■ Extracted data ■

★ ★ ★ ★ ★ ★ ★

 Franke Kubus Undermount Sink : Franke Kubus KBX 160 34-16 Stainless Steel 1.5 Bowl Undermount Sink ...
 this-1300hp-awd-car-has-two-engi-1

★ ★ ★ ★ ★ ★ ★

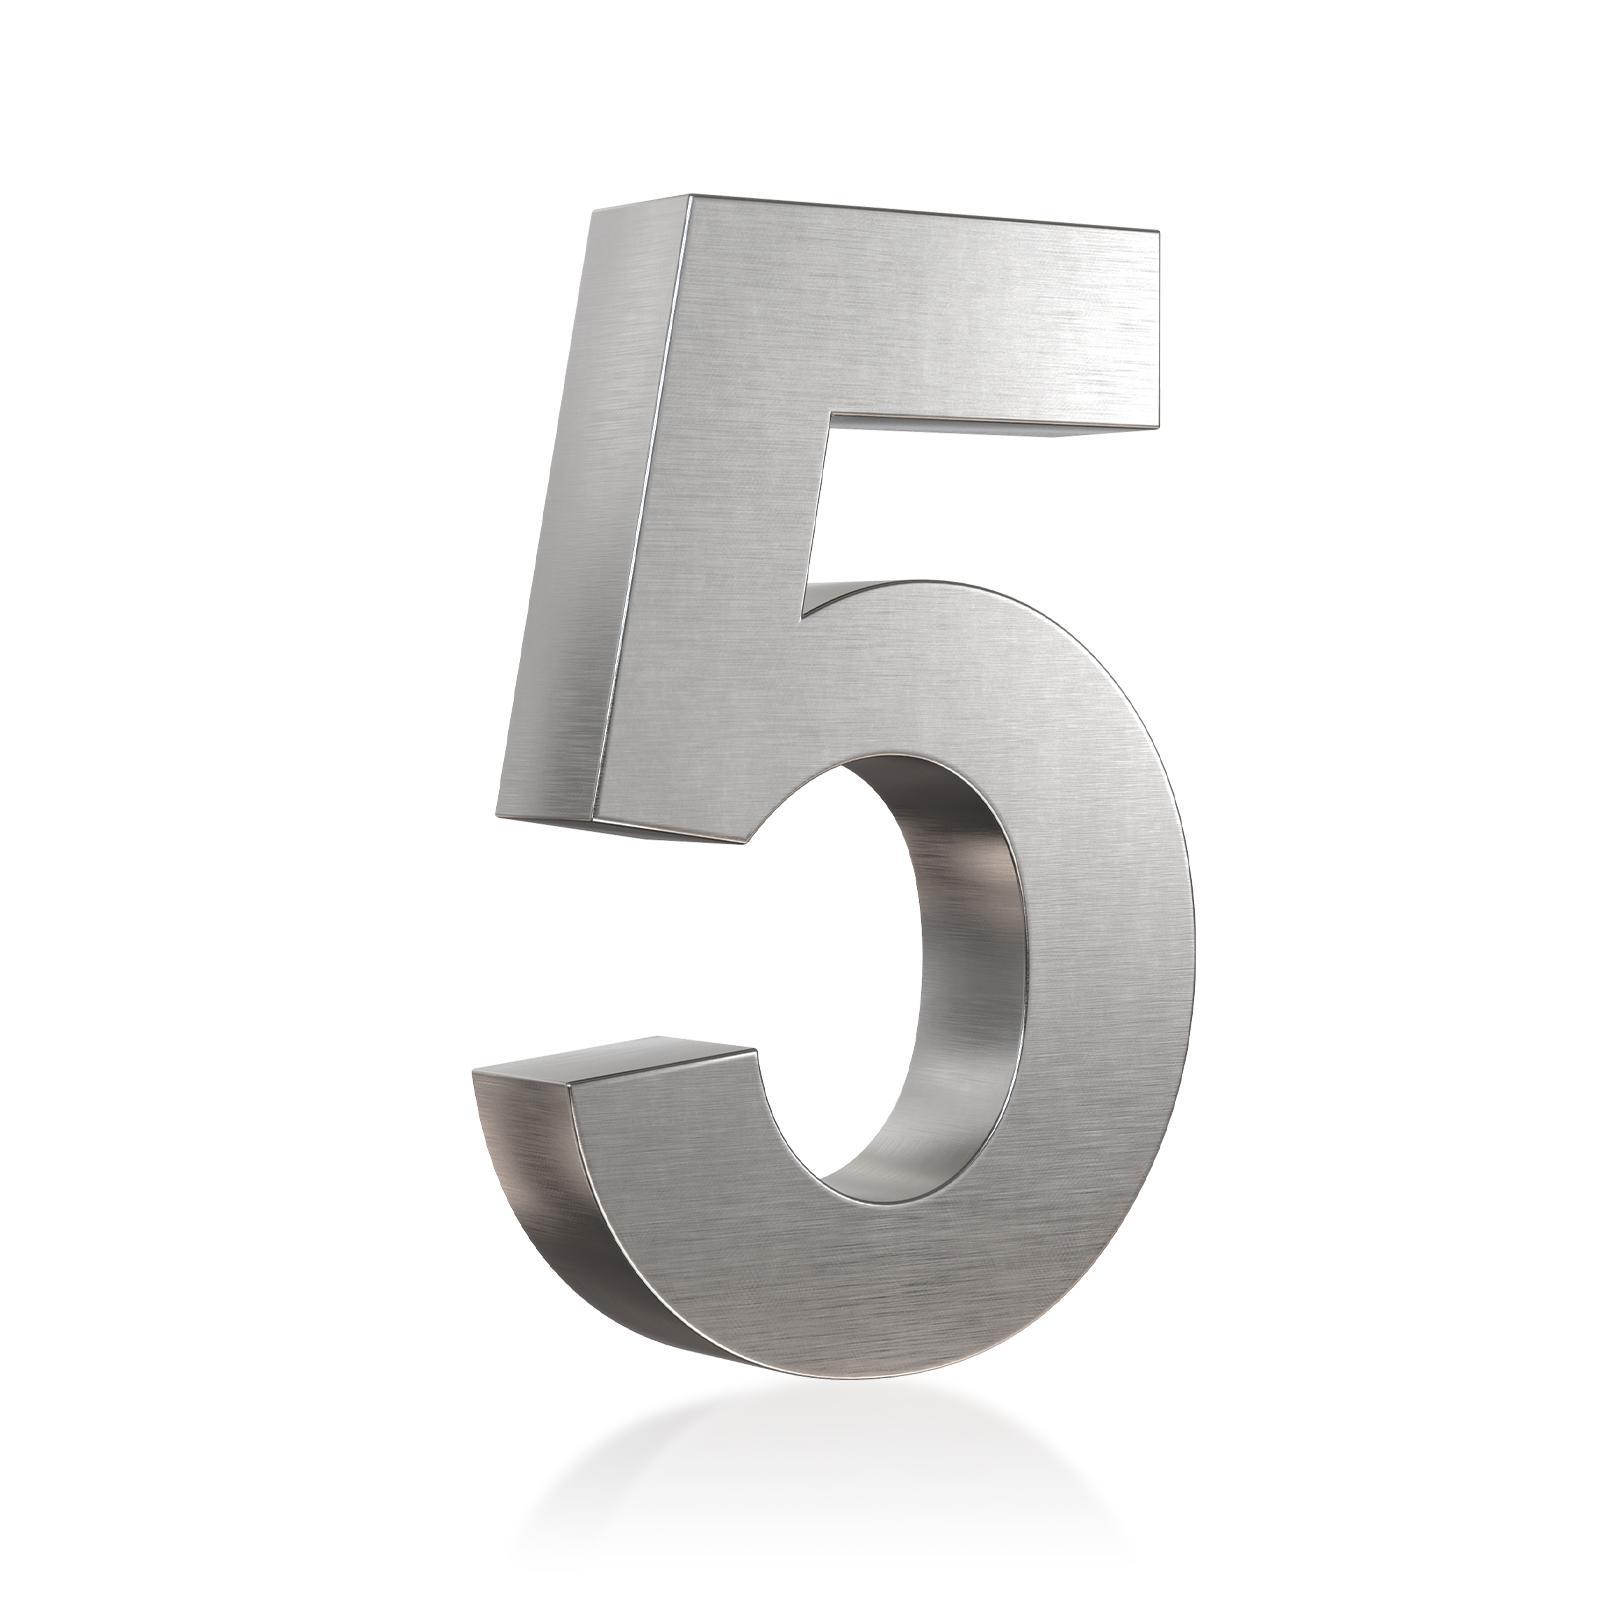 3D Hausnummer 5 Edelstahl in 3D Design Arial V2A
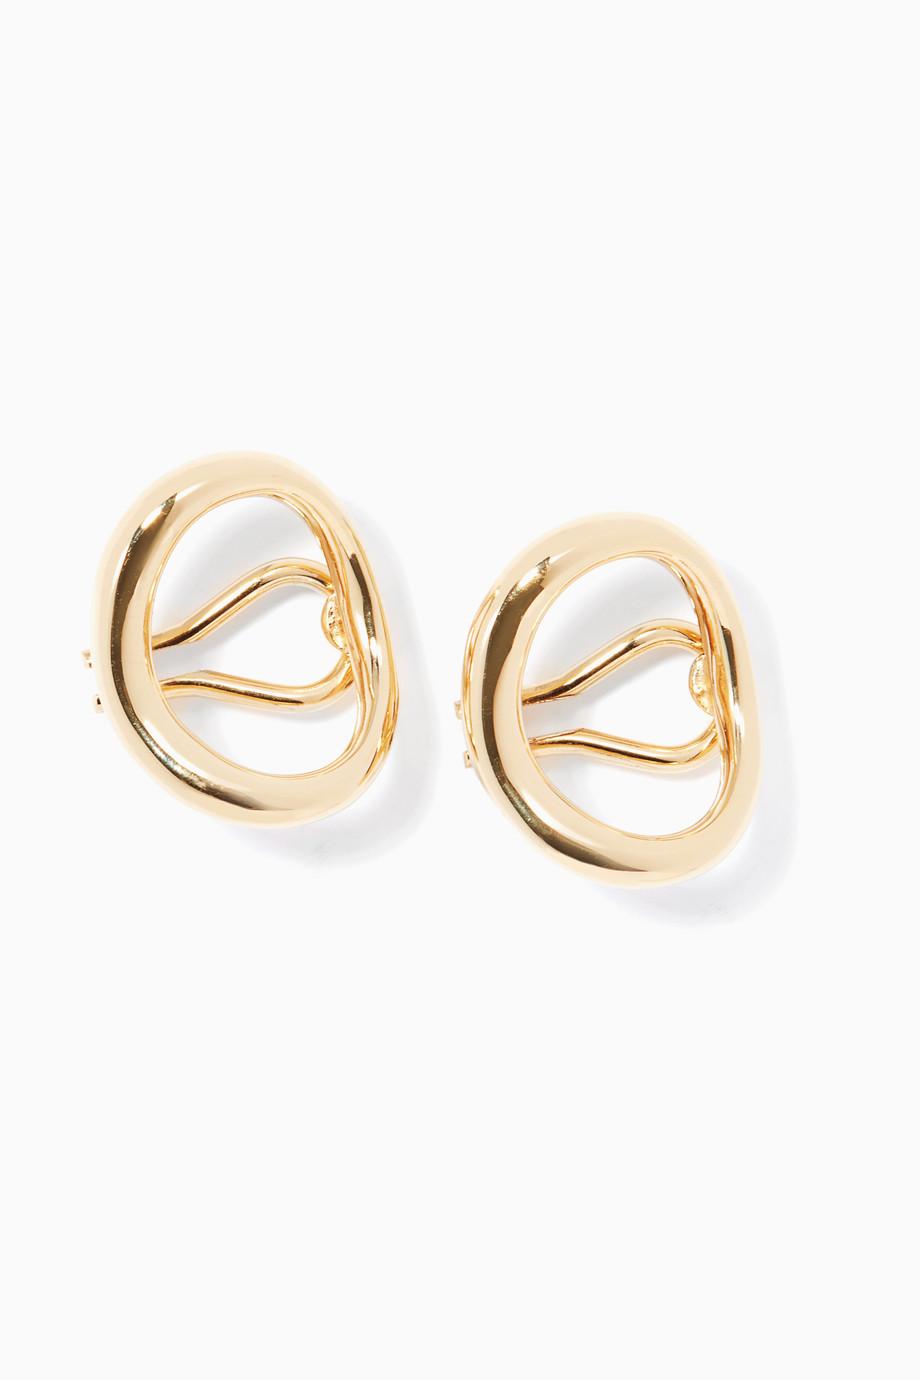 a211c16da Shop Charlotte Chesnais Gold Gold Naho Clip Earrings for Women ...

★ ★ ★ ★ ★ ★ ★

■ Work instruction ■
Lines from the one above containing "3D Hausnummer 5" down to the one containing "a211c16da Shop Charlotte" should be transcribed exactly, with both ends kept and no pictures.

■ Response to the task ■
 3D Hausnummer 5 Edelstahl in 3D Design Arial V2A
 a211c16da Shop Charlotte Chesnais Gold Gold Naho Clip Earrings for Women ...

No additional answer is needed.